The cop is back at my side and we are the crate again, he with his clipboard and me with a WTF look on my face. “Listen, buddy, let’s be reasonable. Let’s just settle this so we can both get on with our day, okay?”
I look at the cop and he blinks at me then quickly wipes his face three times.
Now, at this point I am thinking about having myself pull a concealed fly swatter and I even imagine I am Clint Eastwood spinning my flyswatter like Clint does his revolver after blowing a bad guy’s brains out. But then I would get the cop’s runny eggs eyes all over me. If I hit him elsewhere I get sour cream all over me. I could pull out my concealed spatula and flip him over, but then I would face a fine for humiliating a cop and be made to be a practice dummy while the police practice punching with their elbows, shoulders, knees and hips during the “stop resisting” drill.

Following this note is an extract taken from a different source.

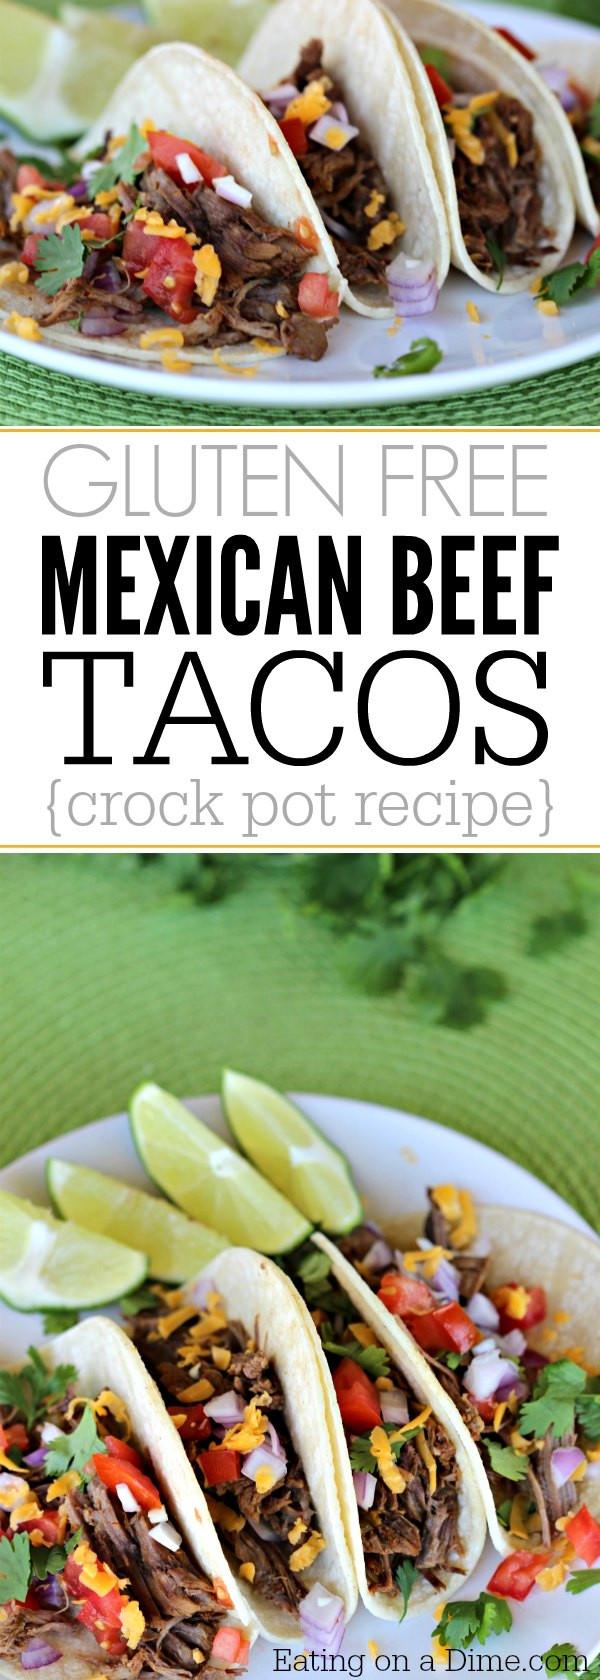 Easy Gluten Free Crockpot Recipes  Gluten Free Crock pot Mexican Shredded Beef Taco Recipe

I am overcome with anxiety and impotence and began praying, “God, oh God, please get me the heck outta here! There are forces at work here I do not understand and who have captured me. Please help me wake up! I’ll read Jonathan Edwards even; wait, let me see if I can wait a few moments longer.”
I see my reflection in a mirror which makes me fall asleep, and I slink along the hallway past the door to my bedroom where my motionless body lies beneath a blanket. As I descend carpeted stairs to a kitchen with a sliding glass door I see the cop chasing the fly with a swatter in one hand. And just as the fly is about to fly into the sliding door it veers away and the cop runs face first into the door. I hear the thud and see the blood. I think I saw a tooth fly outta the cop’s mouth. But the glass sort of becomes a gel and a tube, like the mouth of a digestive system, and slowly ungulates as it sucks him in.
My head rushes forward, gasping because I was sleeping on my back. I look at the mirror and I am awake. The brain is active and vaguely aware that I am not an idea but material. I wipe drool on my arm, scratch my scalp, and get up and walk to my living room. I look through the sliding door at the trees barely shaken with breeze. A squirrel, on its hind legs and looking like a prairie dog sniffs the wind for danger then quickly darts away. A dog barks. I open the door to let in the outside air. A fly buzzes in.